Of the various forms of communication technology, one of the most promising is robotics, for it enables physical interaction in addition to virtual ones at a distance. Early studies focused on using robots to imitate child action, generating a sequence of motor actions that reproduces a detected human gesture (Berthouze et al., 1996). This work has modeled social interaction as observation followed by motor control, producing statistical models of motor representations that attempt to capture the human-robot interaction, exemplified by a study utilizing a game played by the robot Vince and its human interlocutor (Sadeghipour and Kopp, 2011). While simple actions can be approximated by robot movements, complex interactions that involve environmental constraints and rules require applying statistical learning theory to average over the different possibilities in complex spaces for all possible movements, even in tasks as seemingly simple as putting objects into a box (Hersch et al., 2008). Recent work has modeled interactive tasks like tossing and catching arbitrary objects using both physics and computer vision to adaptively learn and generalize complex tasks (Zeng et al., 2020). One important contribution of related work is showing that using a game involving imitation with each other, human and robot become involved in feedback loops of reciprocal imitation, relying on human recognition and awareness on one hand and robot pose detection on the other (Boucenna et al., 2012).

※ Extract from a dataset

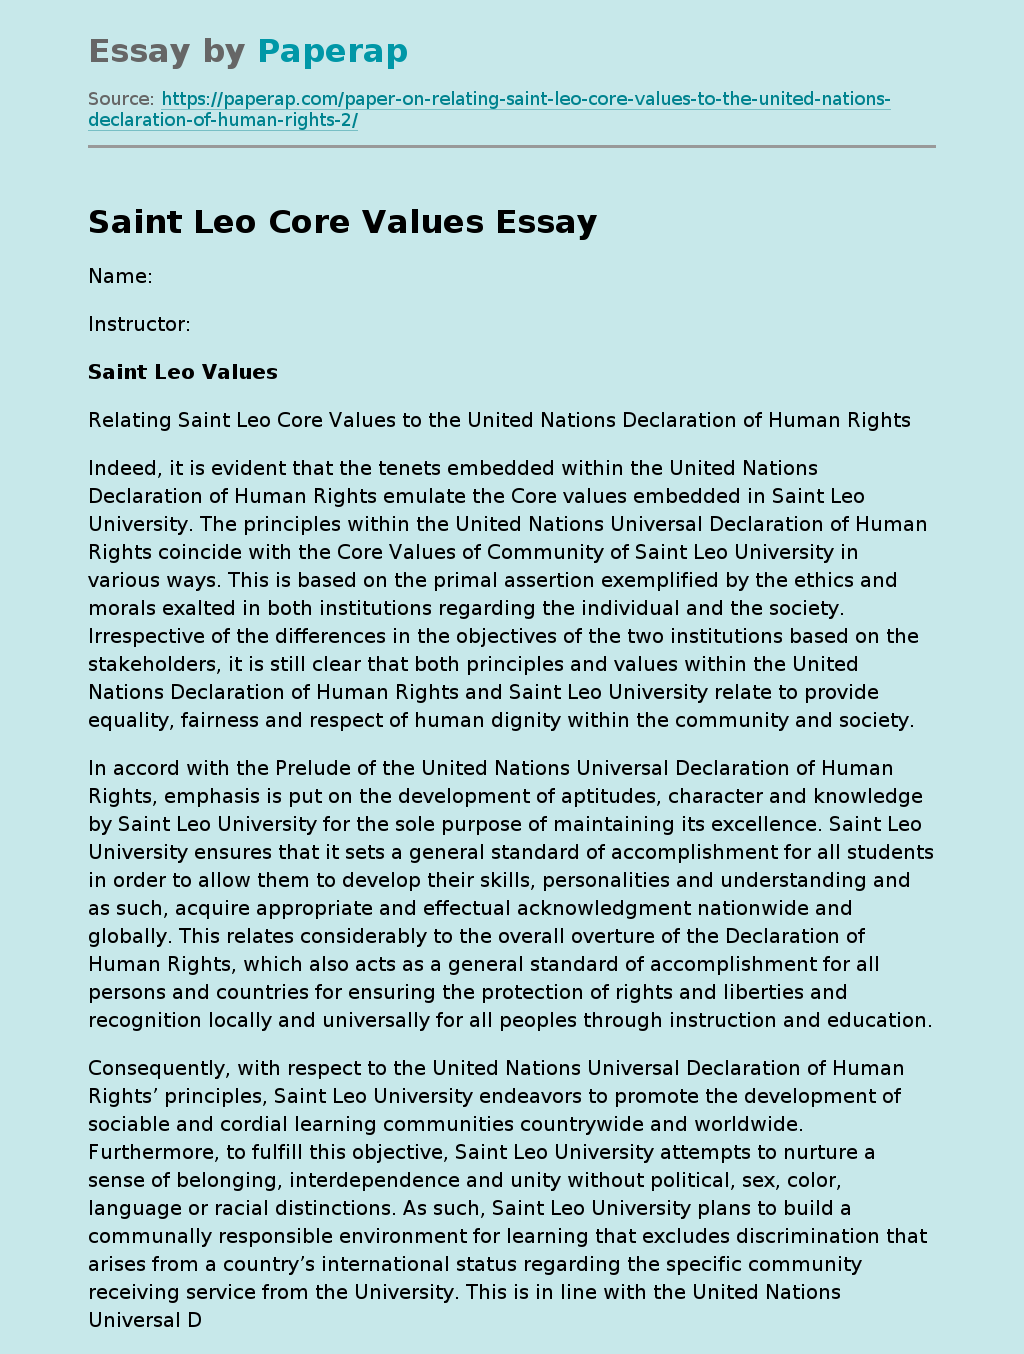 Saint Leo Core Values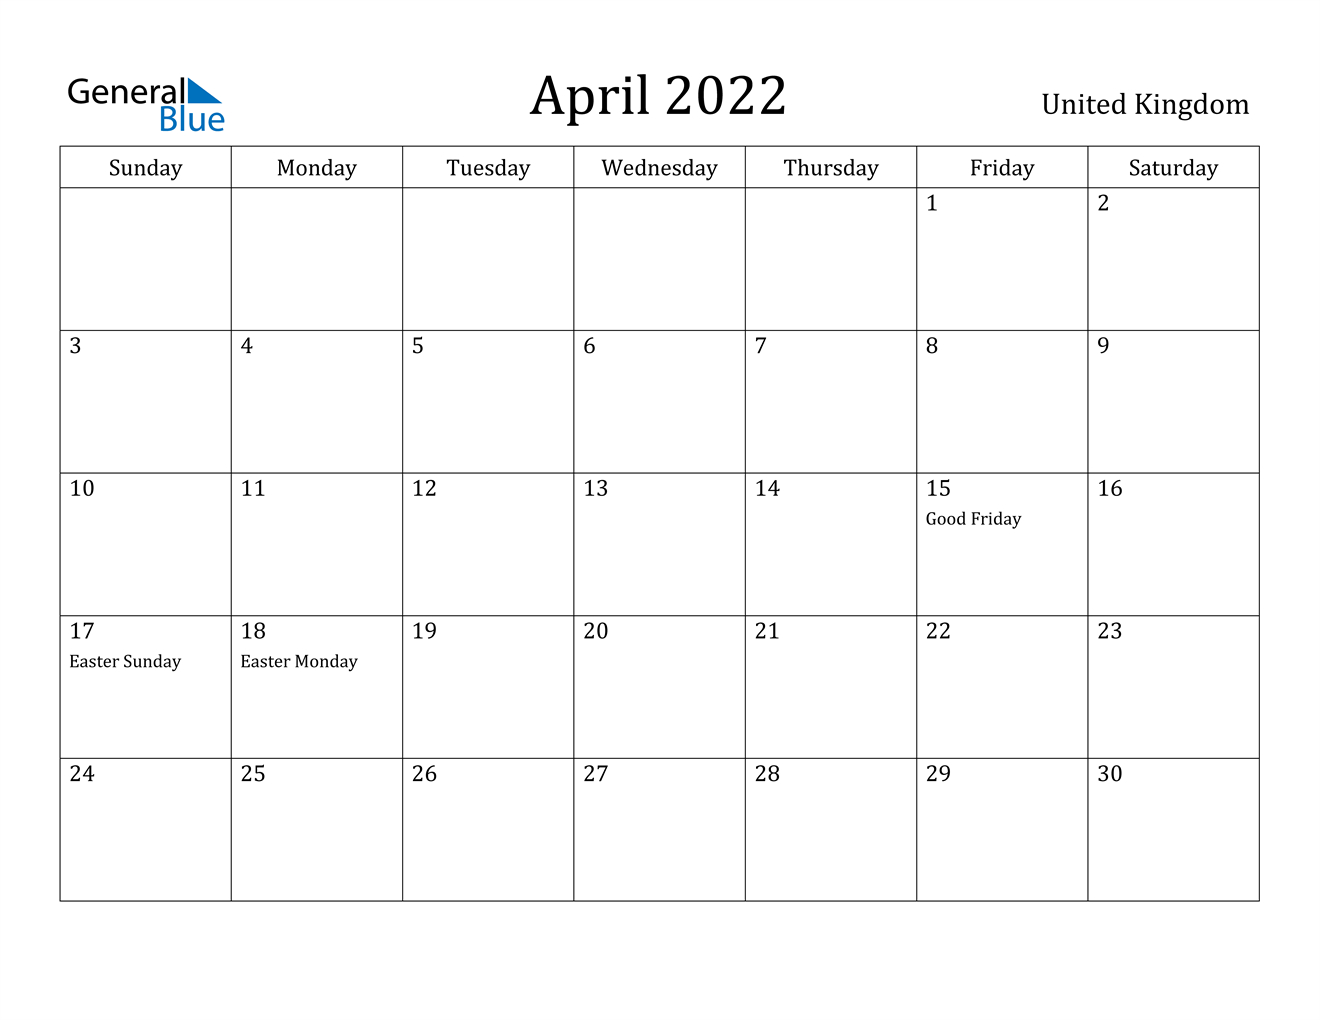 April 2022 Calendar - United Kingdom

This begs the question of whether using simpler technologies like face detection is sufficient to elicit rich interactions that rely on human understanding rather than on complexity on the robotics side.
The use of robotics to elicit behaviors in human participants relies more on a rich interaction environment as opposed to a sophisticated computer vision detection model, due to the way humans are innately drawn to interpret even simple machine gestures as representing affective gestures analogous to human emotional behaviors (Sirkin et al., 2015; Knight et al., 2017; LC, 2019). Robots in this regard have taken such simple forms such as bubble-blowing agents (Feil-Seifer and Matarić, 2009), geospatial robots (Nugent et al., 2010), and gaze-directing toys (e.g., My Keepon) (Kozima et al., 2007), all using simple interactions utilizing remote control of robot interactions to promote pro-social behavior. The effectiveness of the strategy comes not from the intricacy of the interaction, but rather the rich set of environmental cues and interpretations available to the child that makes the experience rewarding. One way to increase the interaction and immersion in the physical environment is by augmenting it with strategies like projection (Greene, 1986). Recent work has been able to projection map custom imagery onto complicated forms like faces (Bermano et al., 2017) and moving objects (Zhou et al., 2016), opening up possibilities for single-object projection experiences that respond to human interaction. It is possible to map robotic responses onto interactive objects much like an immersive form of computer based sculpture (Keskeys, 1994). The projection would then provide an interface to the robot via an external material, adding an additional layer of interaction capabilities as if the robot is controlling the external visual interaction based on audience feedback.
Given the considerations above, we decided to use the robot's own interpretive ability—its gaze—to show young audiences the process of self-awareness, allowing them to understand themselves by seeing the way machine sees them. We used a simple face detection interaction with a moving robot to engage young audiences to become aware of the self through looking at themselves on a responsive projection mapped face sculpture, relying on the innate human ability to interpret the interaction environment in an affective manner.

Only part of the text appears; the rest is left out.